Throughout the novel, Buck is at a perpetual battle between his civil and wild sides. He leads two particularly unalike lives which do not go unchallenged throughout the novel. When he is first introduced, Buck is a house pet who enjoys a leisurely life with Judge Miller, while his transition into nature is challenging and extremely arduous. London states that deep in the forest a call was sounding (London 60). Throughout the story Buck is revealed to have an attraction to the wilderness that he has a difficult time resisting. As the days go by, he is continuously tempted to enter the wild. It is clear that Buck has a gradual transformation from a domesticated dog to a wild one (The Call, Novels). When the novel ends, Buck becomes totally absorbed into the natural world. (Moss). Buck's temptation to leave civilization and enter the wild does not seem to come to an end.

Buck is forced to accept his longing to be free and accept his current place in civilization. He must accommodate to an entirely new way of life and code of conduct to survive (The Call, Novels). Learning The law of club and fang marks a massive transition in Buck's life. He is forced to realize that those with the greatest physical strength are superior to everyone else. After living an easygoing life, he is has to accept that he stands no chance against a man with a club (London 12). Once he has become aware of his low position in the hierarchy, he begins adapting, and eventually loses his ethical nature. He begins stealing food and finding ways around the rules set in place for him to follow. London illustrates that the completeness of his de-civilization was now evidenced by ability to flee from the defense of a moral consideration and so save his hide (Mann). He then becomes resilient and extremely strong. Buck eventually fights the lead dog Spitz, and he wins the highest position on the team, proving that he is becoming familiarized to his place in a domestic group.

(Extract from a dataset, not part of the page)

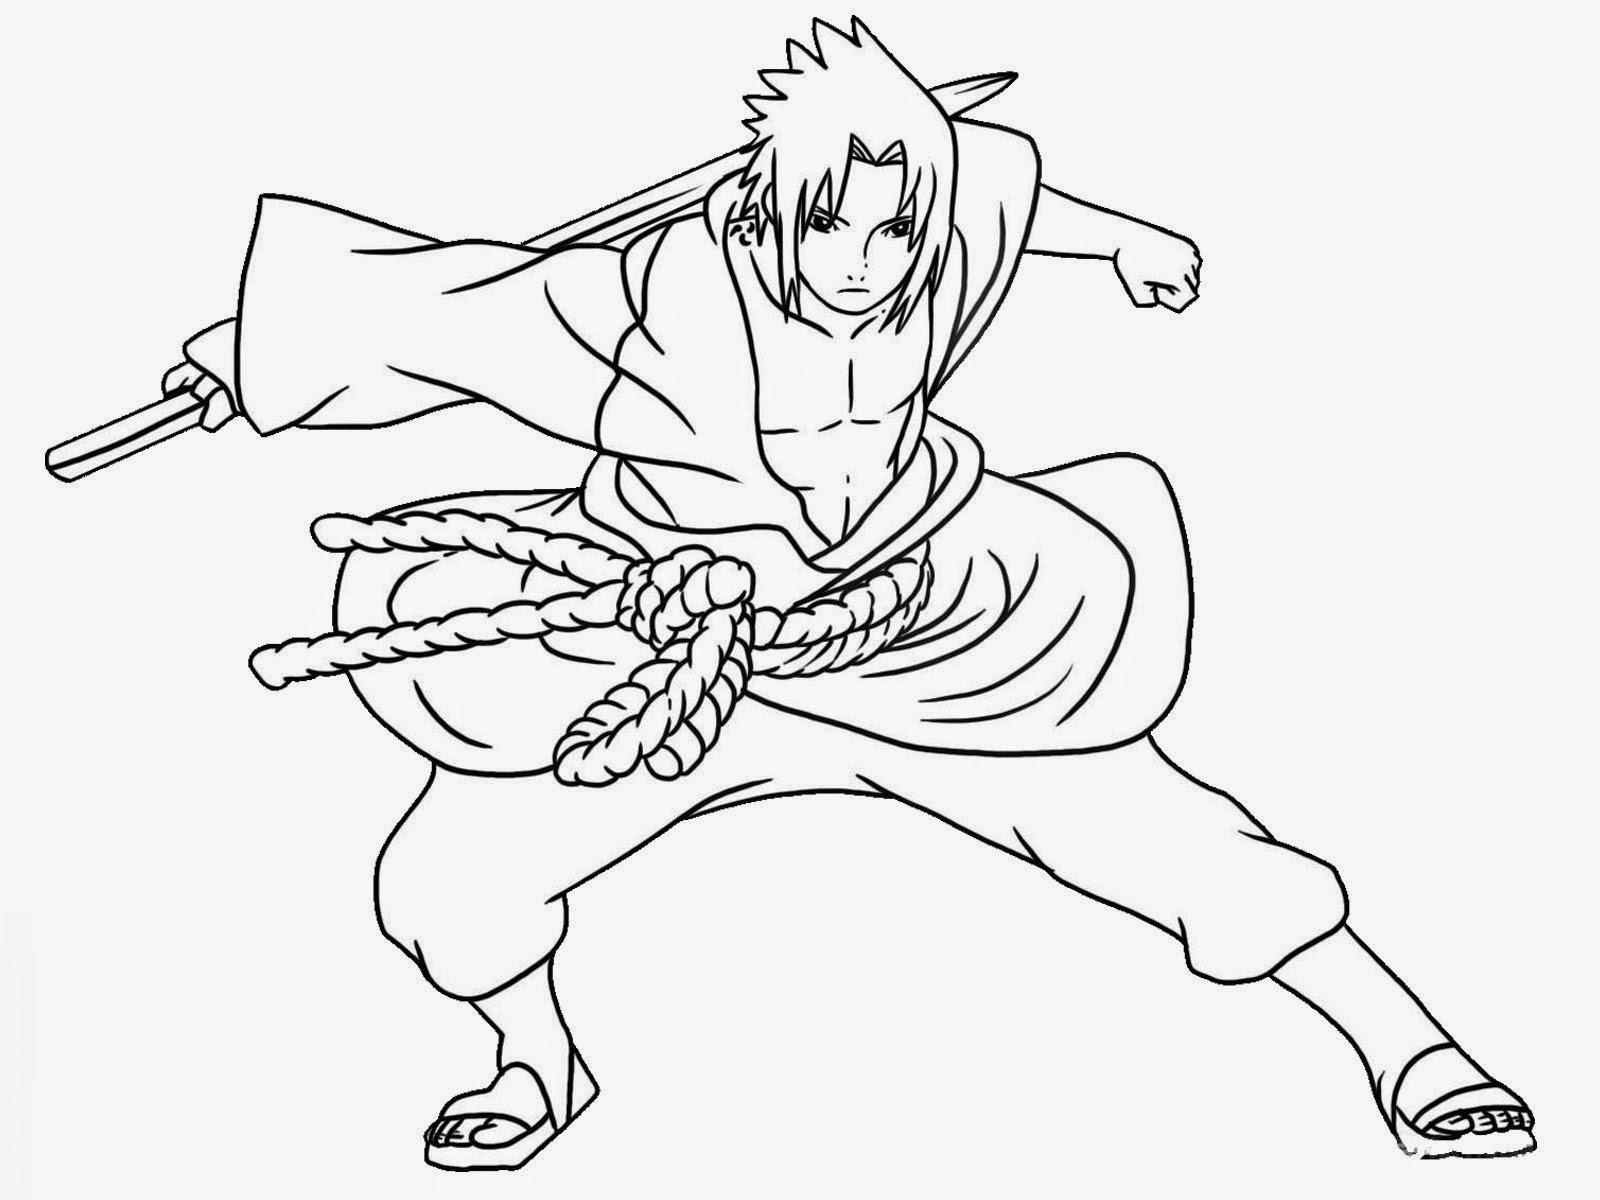 Gambar Mewarnai Naruto

John Thornton is a source of some of the only experiences of a relationship between man and dog in Buck's life, binding him to civilization. Buck feels as though he owes Thornton because he intervenes when he sees Hal beating Buck for refusing to go any further on the trail (The Call, Novels). He appears as an ideal master to the Saint Bernard-Scotch Shepherd mix because of this, as he finally comes to believe in man again (Bolan). For the first time in this novel, Buck has in Thornton a master he can love (Moss). This is proven through the many occasions in which he saves his master's life, once by attacking Black Burton during a barroom brawl, and another time by pulling Thornton out of a series of dangerous rapids (Moss). It is made evident throughout their relationship that love was Buck's for the first time, because between them there is a love that he had never experienced at Judge Miller's down in the sun-kissed Santa Clara Valley (London 60). Thornton is one of Buck's few experiences of a bond with a man, therefore he remains tied to humanity.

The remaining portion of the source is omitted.